- **DIRECTIONS FOR THIS TASK**:
Among the records below, find each line containing the word "Sweater" and copy it.

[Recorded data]
++++++
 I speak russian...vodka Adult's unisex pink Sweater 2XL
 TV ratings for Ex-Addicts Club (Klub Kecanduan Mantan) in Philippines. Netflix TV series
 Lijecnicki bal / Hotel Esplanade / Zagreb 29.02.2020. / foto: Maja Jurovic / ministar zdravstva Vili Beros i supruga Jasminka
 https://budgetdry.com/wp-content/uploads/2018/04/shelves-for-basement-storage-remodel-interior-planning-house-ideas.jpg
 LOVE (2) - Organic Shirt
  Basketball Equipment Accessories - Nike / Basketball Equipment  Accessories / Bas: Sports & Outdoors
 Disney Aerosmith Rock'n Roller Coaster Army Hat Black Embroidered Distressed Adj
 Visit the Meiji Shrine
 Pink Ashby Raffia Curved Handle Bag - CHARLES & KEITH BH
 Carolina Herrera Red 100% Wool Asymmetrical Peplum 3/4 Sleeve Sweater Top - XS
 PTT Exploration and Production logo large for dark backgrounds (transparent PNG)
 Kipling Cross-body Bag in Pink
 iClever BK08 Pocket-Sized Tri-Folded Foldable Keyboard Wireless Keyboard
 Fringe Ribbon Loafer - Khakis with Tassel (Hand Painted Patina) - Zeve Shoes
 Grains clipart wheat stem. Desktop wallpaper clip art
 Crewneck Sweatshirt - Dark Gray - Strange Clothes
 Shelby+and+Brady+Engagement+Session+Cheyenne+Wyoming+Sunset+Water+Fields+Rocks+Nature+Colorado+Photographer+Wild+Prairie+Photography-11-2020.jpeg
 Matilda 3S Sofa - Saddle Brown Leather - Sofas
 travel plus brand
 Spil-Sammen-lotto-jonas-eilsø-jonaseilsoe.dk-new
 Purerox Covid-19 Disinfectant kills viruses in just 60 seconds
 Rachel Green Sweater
++++++
- **SOLUTION TO THIS PROBLEM**:
 I speak russian...vodka Adult's unisex pink Sweater 2XL
 Carolina Herrera Red 100% Wool Asymmetrical Peplum 3/4 Sleeve Sweater Top - XS
 Rachel Green Sweater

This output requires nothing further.